Ныне мы не чувствуем к таким вещам ничего кроме глубочайшего отвращения и никогда не допустили бы, что нечто подобное где-нибудь дремлет в нашей душе. Подобно половому насилию и эти вещи мы должны рассматривать не сквозь моральные очки с отвращением, а с естественно-научным интересом, как некие почтенные остатки прошлых периодов культуры. У нас же уголовные кодексы содержат еще параграфы против содомии. То, что некогда было так сильно, что из этого мог вырасти у высокоразвитого народа особенный культ, не может в течение немногих поколений совершенно исчезнуть из человеческой души. Мы никогда не должны забывать, что со времени Пира Платона, где перед нами выступает гомосексуальность совершенно равноправно с так называемой нормальной сексуальностью, прошло около 80 поколений. А что значат 80 поколений? Они сводятся к незаметному промежутку времени, если мы их сравним с тем временем, которое отделяет нас от homo neandertalensis и heidelbergensis.
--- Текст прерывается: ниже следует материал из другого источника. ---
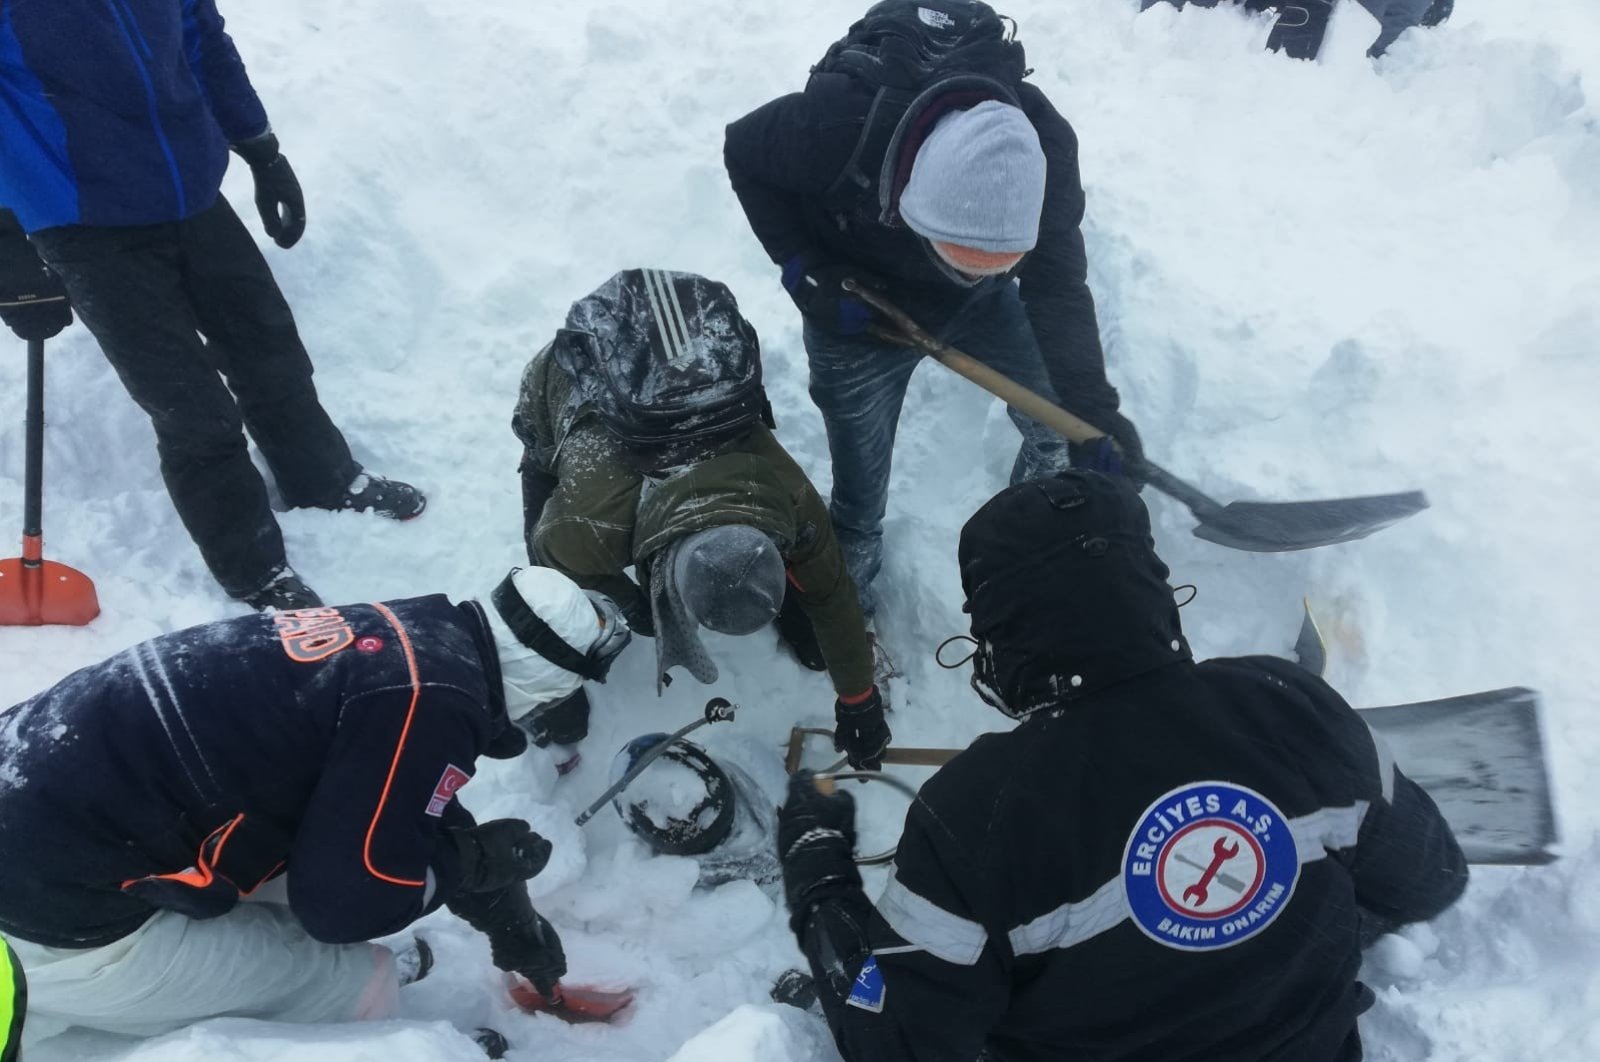 Diplomat Kanada tewas akibat longsoran salju di Gunung Erciyes Turki

Мне хочется напомнить замечательные слова великого историка В. Ферреро[30]:
"Весьма распространено мнение, что чем более отдалена от нас эпоха, в которую жил человек, тем более он разнится от нас в мыслях и чувствах своих; что психология человечества изменяется, соответственно столетиям, так же, как моды и литература. Поэтому, когда мы находим, в несколько отдаленном прошлом, какое-либо учреждение или закон, или обычай, или верование, разнящиеся от тех, которые мы видим вокруг себя — мы начинаем подводить всякие сложные объяснения, большей частью сводящиеся к фразам, лишенным точного значения. Но человек не так-то быстро меняется; психология его, в сущности, остается неизменной; и если культура его в разные эпохи является весьма разнообразной, то, благодаря этому, способ мышления его еще не меняется. Основные законы ума остаются неизменными, по крайней мере, в течение тех кратких исторических периодов, которые нам известны; и почти все, даже наиболее странные явления должны объясняться теми всеобщими законами ума, которые мы видим в самих себе."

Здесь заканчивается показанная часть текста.